A Healthier Lifestyle for Indigenous Women and Children in Belize

January 24, 2013


A primary school in Toledo, Belize. Investments in healthcare are expected to significantly contribute to the decrease in the rate of worm infestation and anemia in children.

World Bank

  • A joint initiative enhances accessibility to healthcare and sanitation in Toledo.
  • The project will also develop and strengthen school feeding programs in the district.
  • Indigenous beliefs and practices will be embraced in all of the project’s activities.

Giving birth and growing up in Belize’s District of Toledo can be a struggle. While it boasts cultural diversity and green landscapes, Toledo also features the highest rates of poverty and nutritional deficiencies among all districts in the country.

Data collected by the Ministry of Health in 2011 indicates that 24% of women of childbearing age are anemic. In addition, 60% of primary school-aged children in Toledo’s rural communities face anemia and worm infestation. Worm infestation and anemia, particularly in malnourished children, can affect physical and mental development, thus decreasing learning.

These problems affect mostly the Mopan and Qechi Mayas – who are the largest indigenous communities in the District of Toledo, but whose precise population size remains unknown. An initiative supported by UNICEF in 2011, identified 7,000 children as not been registered.

Together with the Belize Ministry of Health, specialists from the World Bank and the Japanese Social Development Fund (JSDF) are working on a joint initiative to dramatically change these figures over the next two and a half years. 

Growth monitoring

Belize’s Ministry of Health secured a grant to enhance accessibility to healthcare services, particularly for indigenous women and children in rural communities. The US$3 million JSDF grant is being implemented in partnership with the World Bank.

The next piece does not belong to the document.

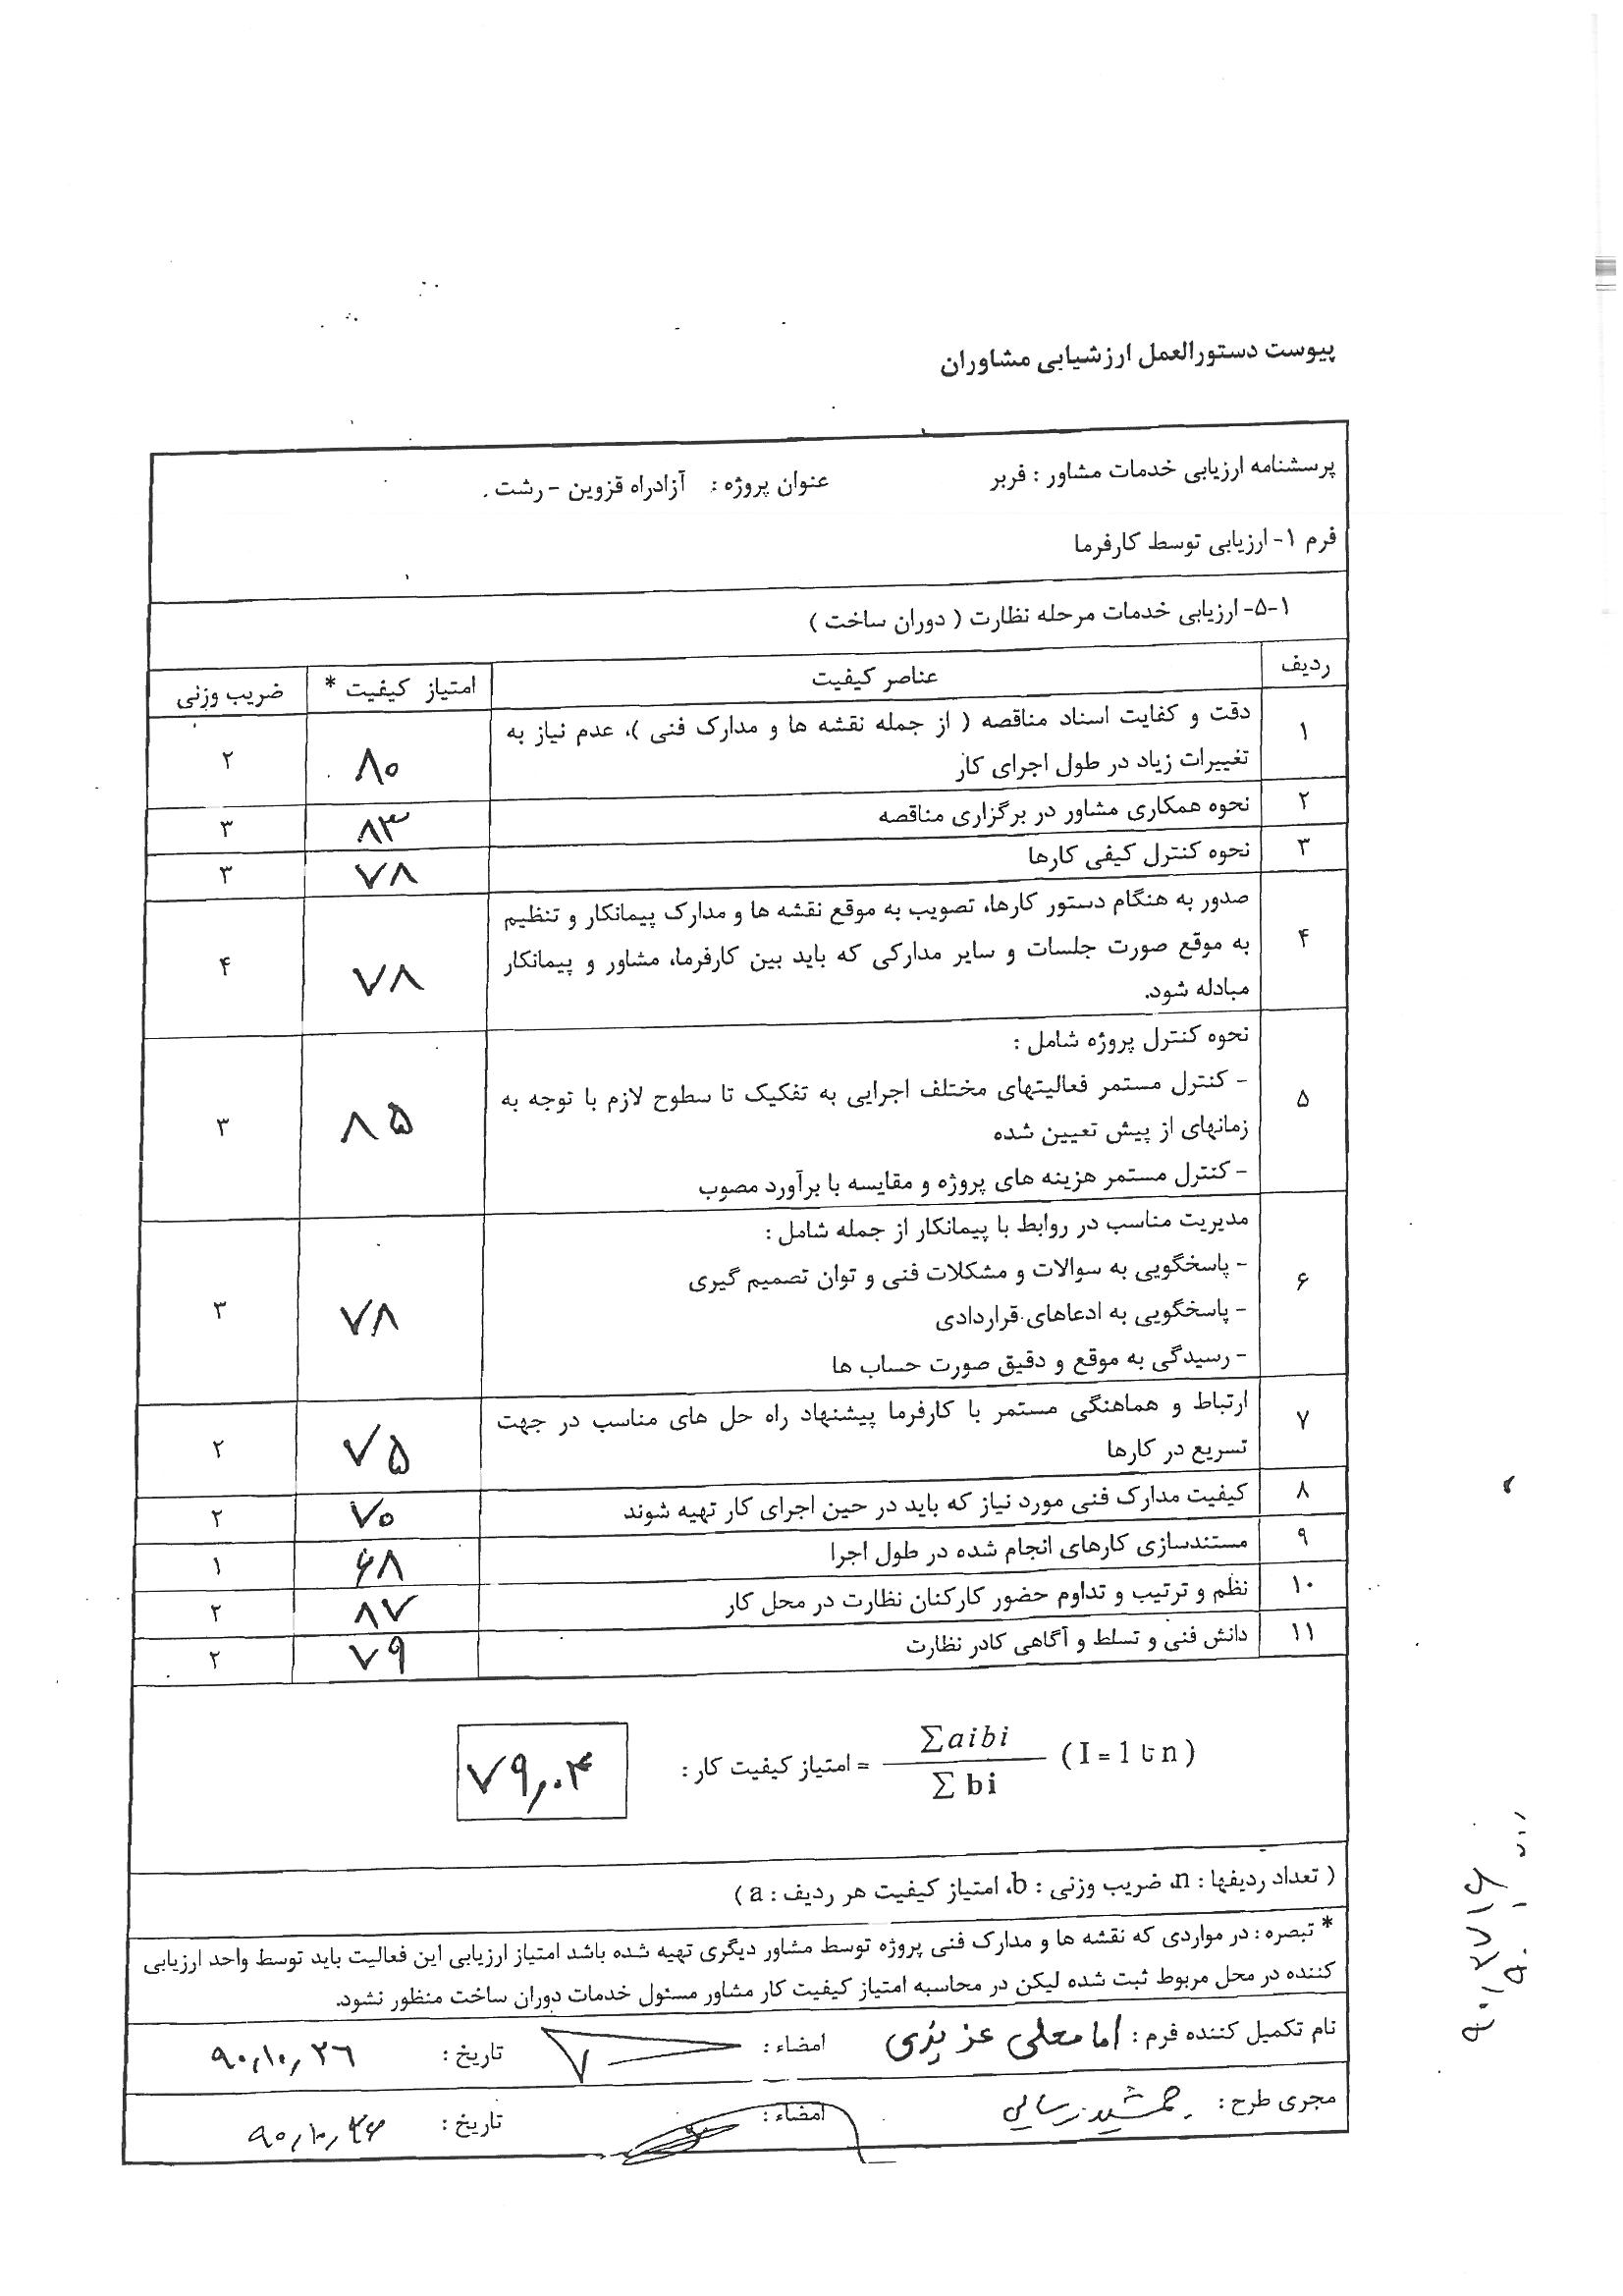 پروژه نظارت  بر عملیات قطعه 230 کیلوولت  - نتیجه ارزیابی توسط شرکت برق منطقه ای اصفهان

“This project will support prenatal care for pregnant women to ensure the health of the mom and well-being of the baby, continuing with nutrition and growth monitoring, while promoting a healthy lifestyle among primary school children,” says Carmen Carpio, World Bank task team leader for the grant.

The first effort is to carry a baseline survey in the first half of 2013, which will provide the Ministry of Health with current data regarding worm infestation, anemia, and prenatal care seeking behaviors, community participation in child growth monitoring, school feeding programs, among other issues.

" One of our main goals is to make the community sense that this is their project. "

Cupertina Teul

Project coordinator in Toledo, Belize

Hospitals and sanitation

“All community health posts will be assessed by an engineer. Based on this information, the project will support the necessary refurbishing or new construction works,” says project coordinator Cupertina Teul, who has been working with the indigenous Mayan women for the past 13 years.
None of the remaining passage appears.